Hey, it's HighScalability time:


Movie goers Force Crashed websites with record ticket presales. Yoda commented: Do. Or do not. There is no try.

  • $51.5 billion: Apple quarterly revenue; 1,481: distance in light years of a potential Dyson Sphere; $470 billion: size of insurance industry data play; 31,257: computer related documents in a scanned library; $1.2B: dollars lost to business email scams; 46 billion: pixels in largest astronomical image; 27: seconds of distraction after doing anything interesting in a car; 10 billion: transistor SPARC M7 chip; 10K: cost to get a pound in to low earth orbit; $8.2 billion: Microsoft cloud revenue; 

  • Quotable Quotes:
    • @jasongorman: A $trillion industry has been built on the very lucky fact that Tim Berners-Lee never thought "how do I monetise this?"
    • Cade Metz: Sure, the app [WhatsApp] was simple. But it met a real need. And it could serve as a platform for building all sorts of other simple services in places where wireless bandwidth is limited but people are hungry for the sort of instant communication we take for granted here in the US.
    • Adrian Hanft: Brand experts insist that success comes from promoting your unique attributes, but in practice differentiation is less profitable than consolidation.
    • Jim Butcher: It’s a tradition. Were traditions rational, they’d be procedures.
    • Albert Einstein~ Sometimes I pretend I’m the Mayor of my kitchen and veto fish for dinner. ‘Too fishy’ is what I say!
    • @chumulu: “Any company big enough to have a research lab is too big to listen to it" -- Alan Kay
    • Robin Harris: So maybe AWS has all the growth it can handle right now and doesn’t want more visibility. AWS may be less scalable than we’d like to believe.
    • Michael Nielsen: Every finitely realizable physical system can be simulated efficiently and to an arbitrary degree of approximation by a universal model (quantum) computing machine operating by finite means.
    • Sundar Pichai~ there are now more Google mobile searches than desktop searches worldwide.
    • Joe Salvia~ The major advance in the science of construction over the last few decades has been the perfection of tracking and communication.
    • apy: In other words, as far as I can tell docker is replacing people learning how to use their package manager, not changing how software could or should have been deployed.
    • @joelgrus: "Data science is a god-like power." "Right, have you finished munging those CSVs yet?""No, they have time zone data in them!"
    • @swardley: "things are getting worse. Companies are increasingly financialised and spending less on basic research" @MazzucatoM 
    • Dan Rayburn: The cause of what Akamai is seeing is a result of Apple, Microsoft and Facebook moving a larger percentage of their traffic to their in-house delivery networks.
    • @littleidea: containers will not fix your broken architecture you are welcome
    • spawndog: I've typically found the best gameplay optimization comes from a greater amount of creative freedom like you mention. Lets not do it. Lets do it less frequently. Lets organize the data into something relative to usage pattern like spatial partitions.
    • @awealthofcs: The 1800s: I hope I survive my 3 month voyage to deliver a message to London Now: The streaming on this NFL game in London is a bit spotty
    • @ddwoods2: just having buffers ≠ resilience; resilience = the capacities for changing position/size/kind of buffers, before events eat those buffers
    • unoti: There's a dangerous, contagious illness that developers of every generation get that causes them to worry about architecture and getting "street cred" even more than they worry about solving business problems. I've fallen victim to this myself, because street cred is important to me. But it's a trap.
    • @kelseyhightower: Kubernetes is getting some awesome new features: Auto scaling pods, Jobs API (batch), and a new deployment API for serve side app rollouts.
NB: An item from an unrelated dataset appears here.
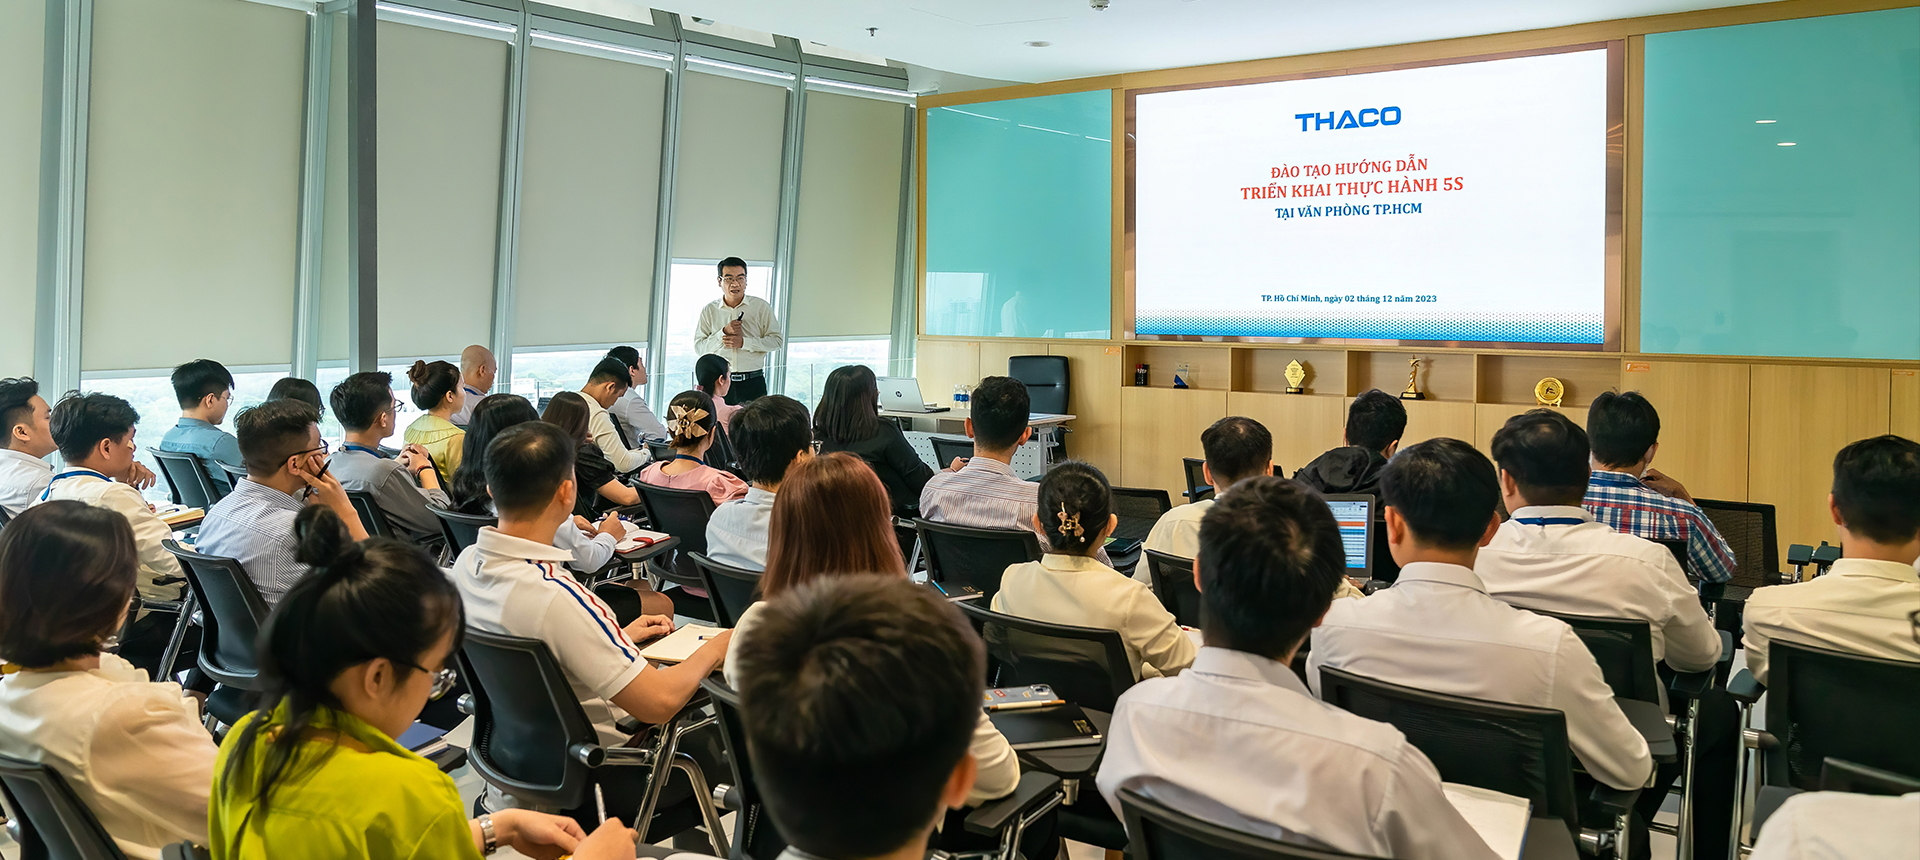 THACO implements 5S at Sadora Office

  • Great story on Optimizing League of Legends. The process: Identification: profile the application and identify the worst performing parts; Comprehension: understand what the code is trying to achieve and why it is slow; Iteration: change the code based on step 2 and then re-profile. Repeat until fast enough. Result: memory savings of 750kb and a function that ran one to two milliseconds faster. 
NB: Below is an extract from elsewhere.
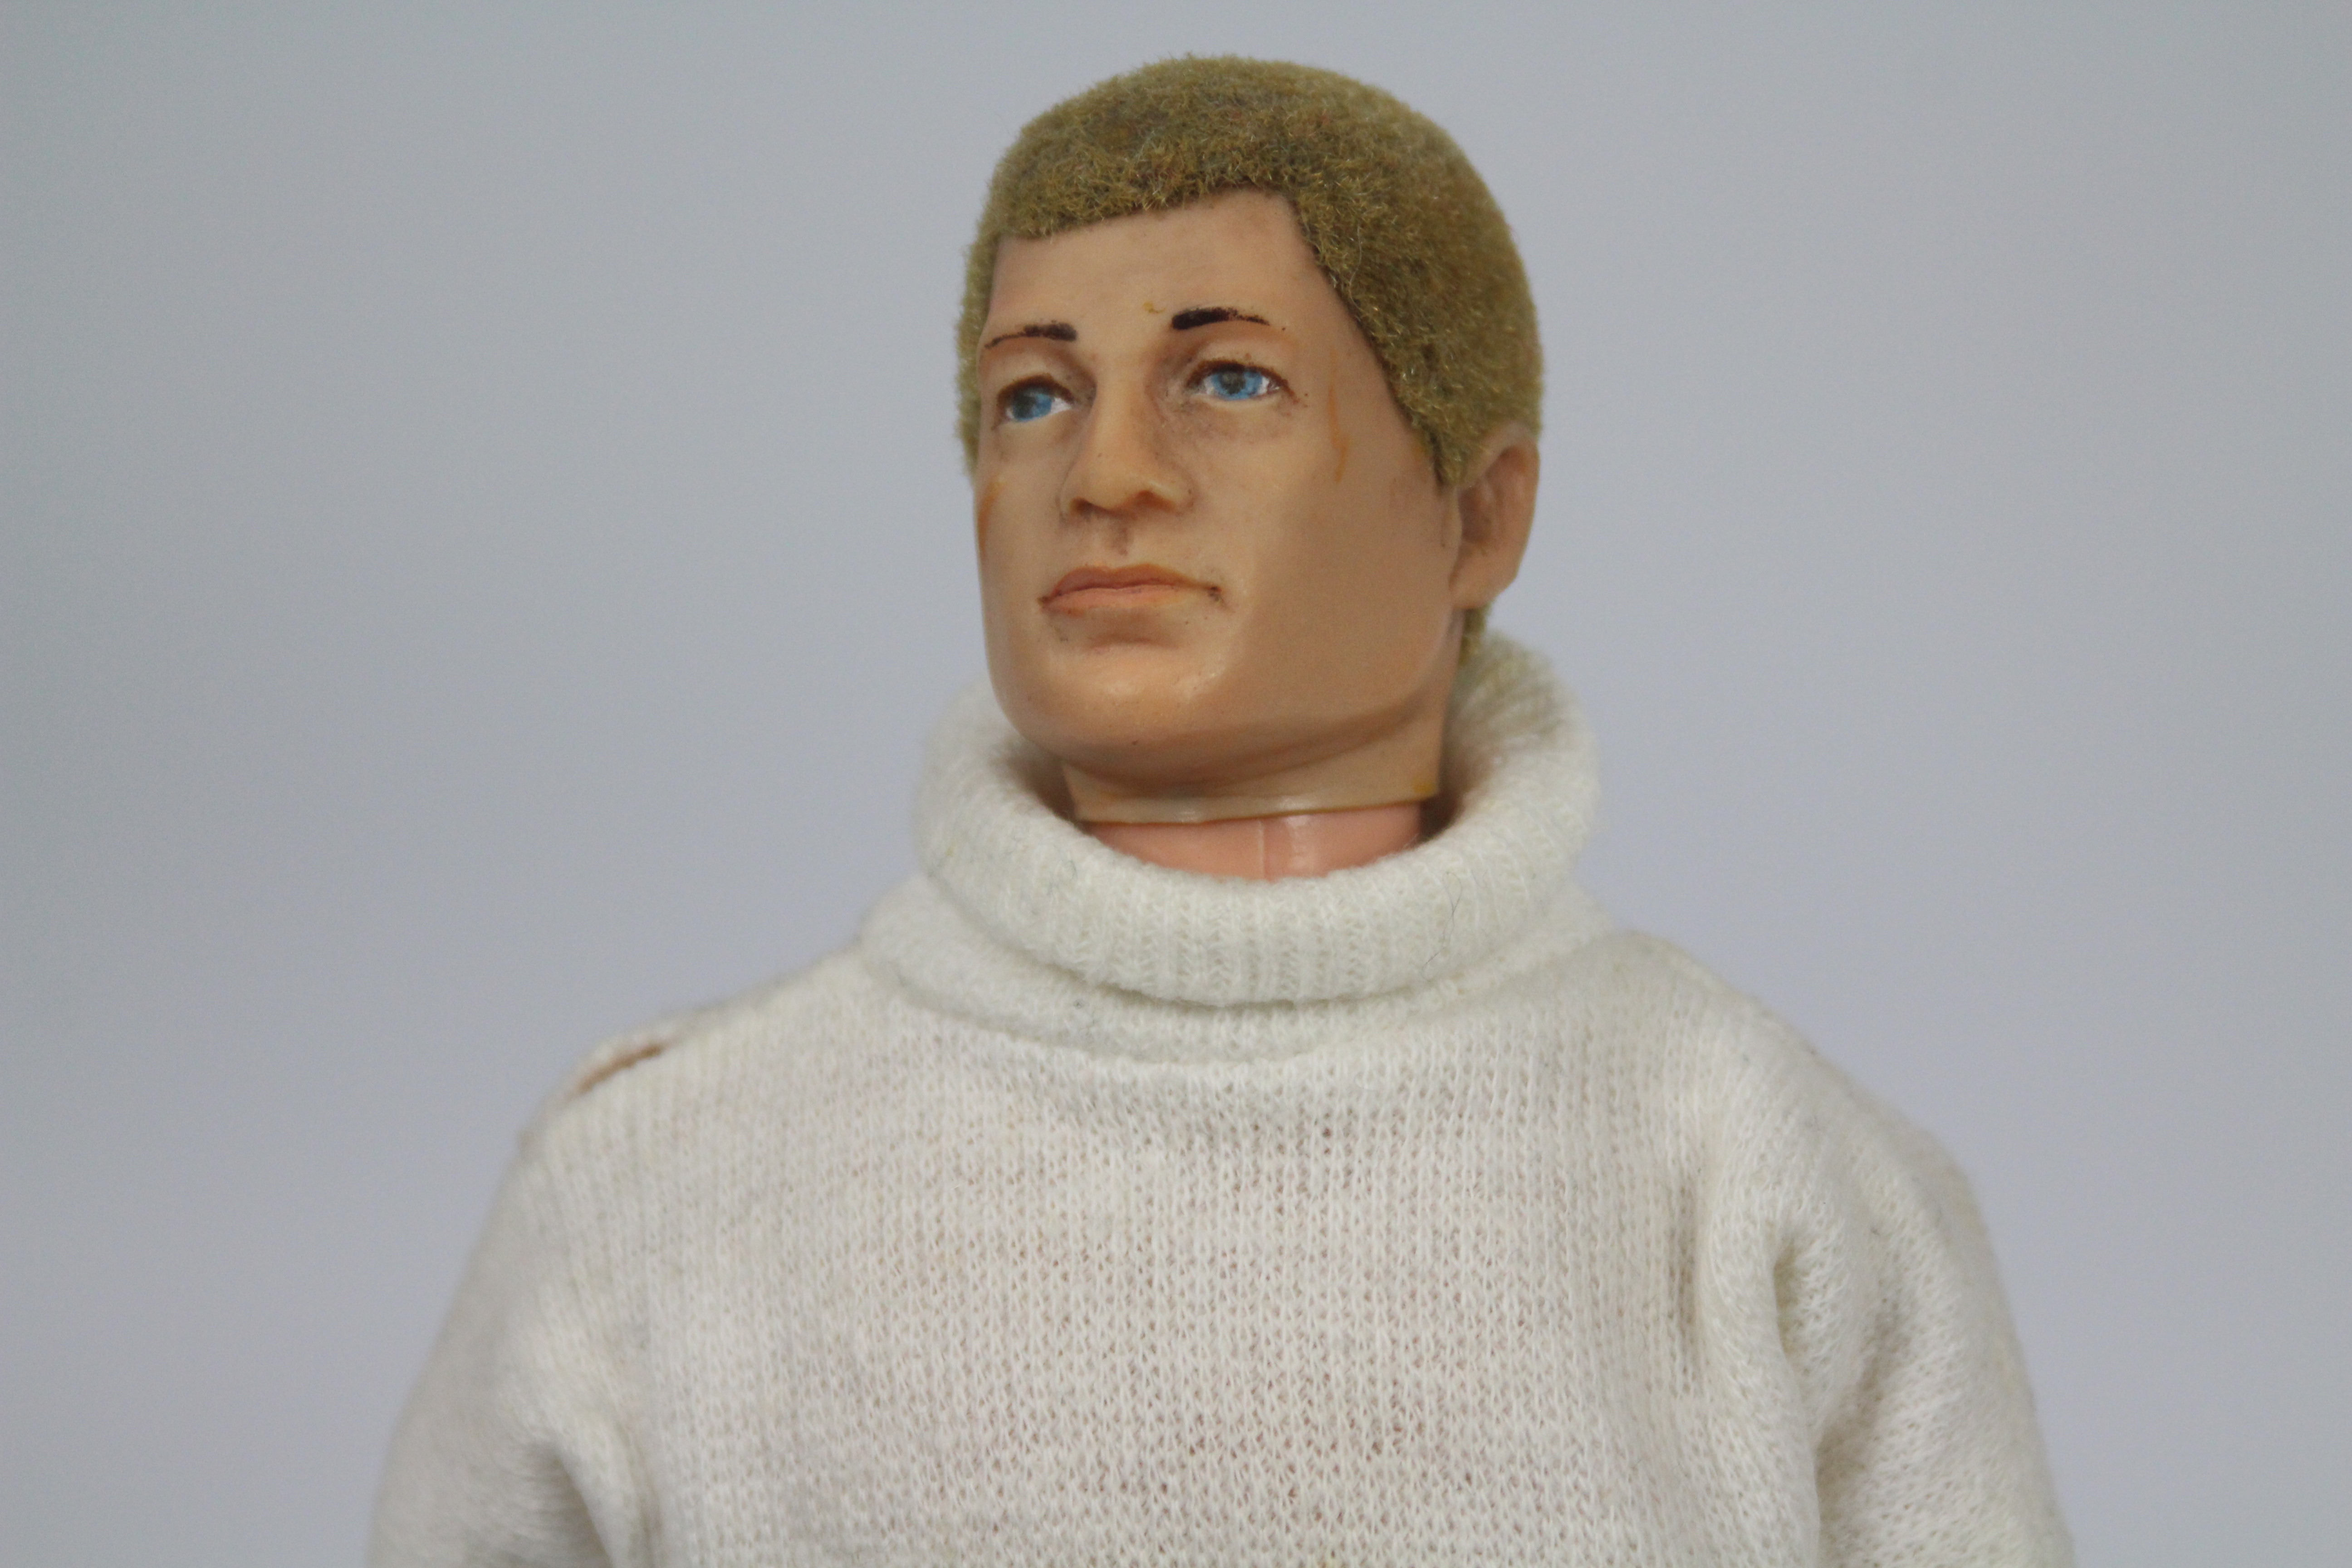 Palitoy, Action Man - A Palitoy Action Man figure in Adventurer outfit. - Image 2 of 4

  • Fantastic article on Medium's architecture: 25 million uniques a month;  service-oriented architecture, running about a dozen production services; GitHub; Amazon’s Virtual Private Cloud; Ansible; mostly Node with some Go; CloudFlare, Fastly, CloudFront with interesting traffic allocations; Nginx and HAProxy; Datadog, PagerDuty, Elasticsearch, Logstash, Kibana; DynamoDB, Redis, Aurora, Neo4J; Protocol Buffers used as contract between layers; and much more.
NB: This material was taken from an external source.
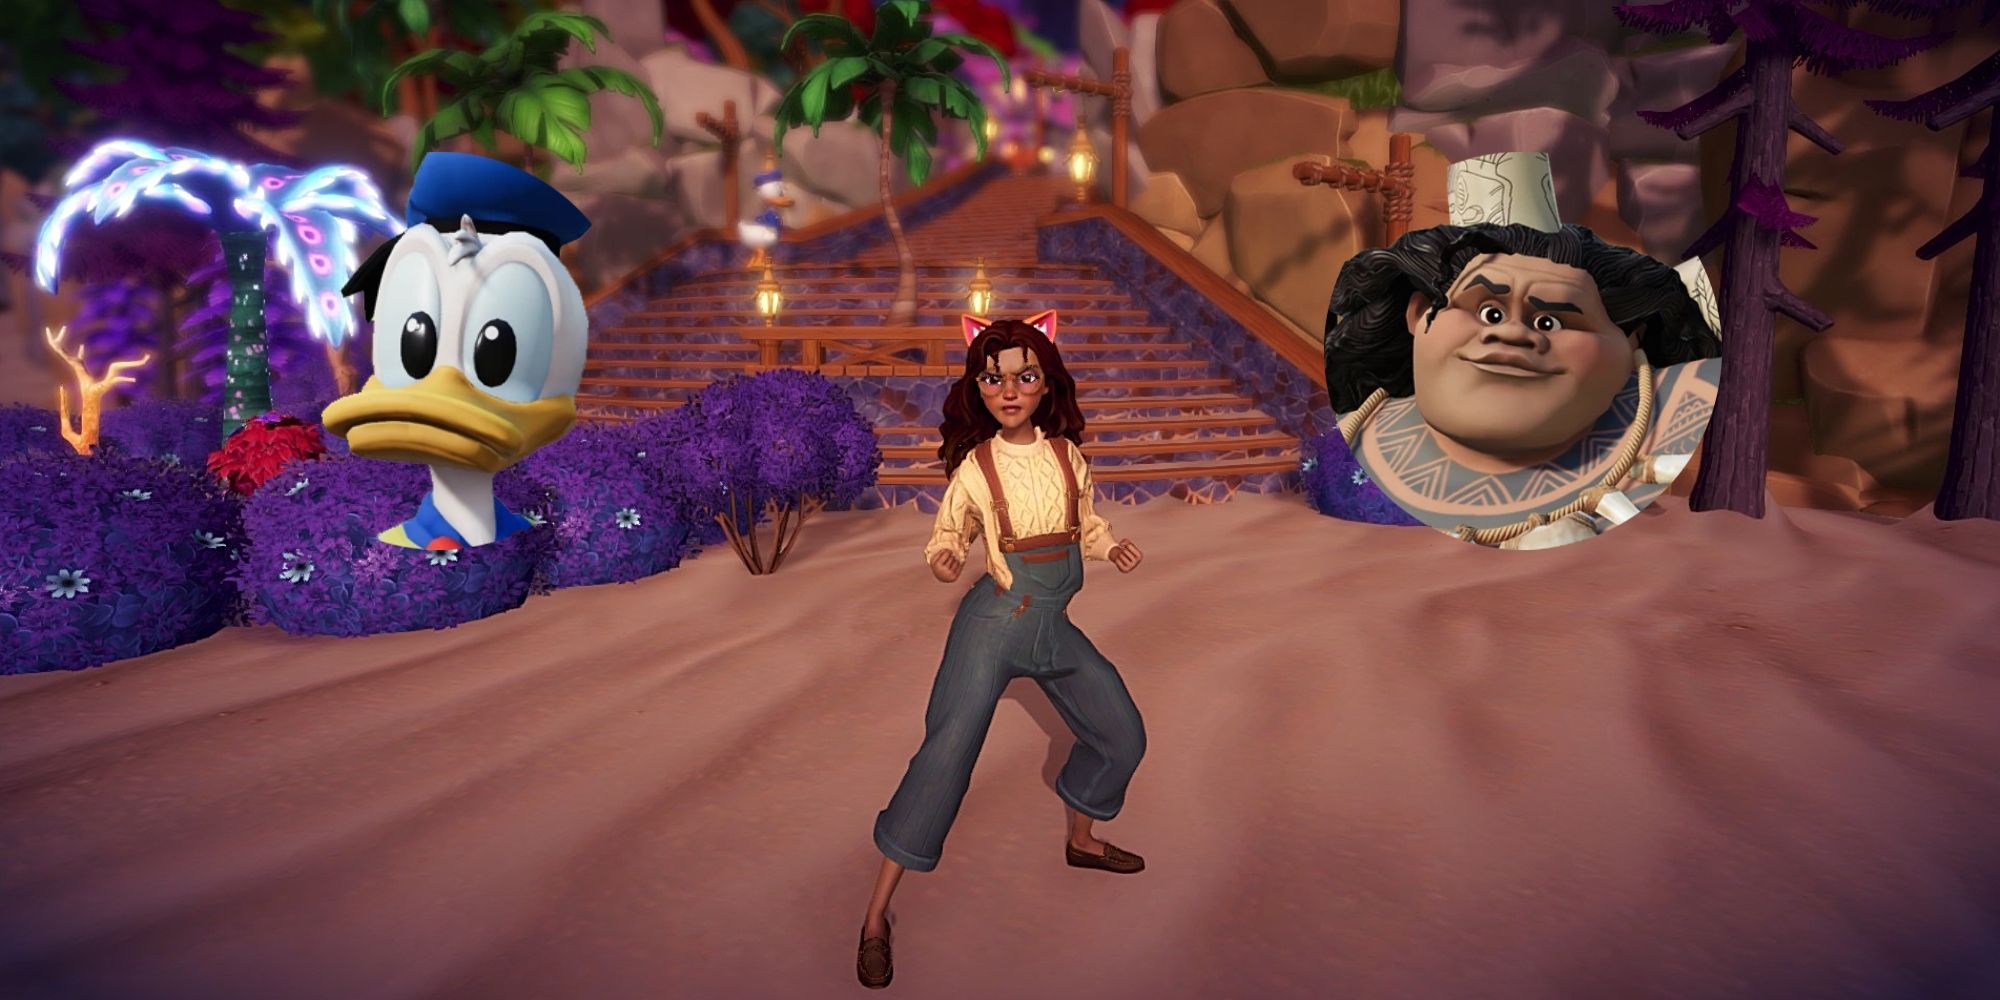 Disney Dreamlight Valley player posing with angery and donald with maui's face on either side

  • Are notifications the new Web X.0? Notification: the push and the pull: Right now we are witnessing another round of unbundling as the notification screen becomes the primary interface for mobile computing.

  • Algorithm hacking 101. Uber Surge Price? Research Says Walk A Few Blocks, Wait A Few Minutes.

  • Can you build a transaction processing system that is at least one order of magnitude faster than the state-of-the-art systems using advanced processor features and fast interconnects? Yep. Fast In-memory Transaction Processing using RDMA and HTM: This paper described DrTM, an in-memory transaction processing system that exploits the strong atomicity of HTM and strong consistency of RDMA to provide orders of magnitude higher throughput and lower latency of in-memory transaction processing thanprior general designs. 

  • If you are interested in immutable databases then the The rise of immutable data stores is a good read. 

  • The wood wide web. An internet of fungi help plants communicate: Hidden beneath the surface and entangled in the roots of Earth's astonishing and diverse plant life, there exists a biological superhighway linking together the members of the plant kingdom...This organic network operates much like our internet, allowing plants to communicate, bestow nutrition, or even harm one another...This fungal network has been found to allow plants to aid one another in growth and flourishing. 

  • Pinterest is open-sourcing an impressive number of their MySQL management tools. On GitHub.

  • Can we have our cake and transactions too? Why MongoDB, Cassandra, HBase, DynamoDB, and Riak will only let you perform transactions on a single data item: "most NoSQL systems have chosen to disallow general transactions altogether rather than become susceptible to the performance pitfalls that distributed transactions can entail." Must this be so? No: "not only is it possible to build scalable systems with high throughput distributed transactions, but there actually exist two classes of systems that can do so: those that sacrifice isolation, and those that sacrifice fairness."

  • The carrot for HTTP/2. Study Shows HTTP/2 Can Improve Website Performance Between 50-70 Percent.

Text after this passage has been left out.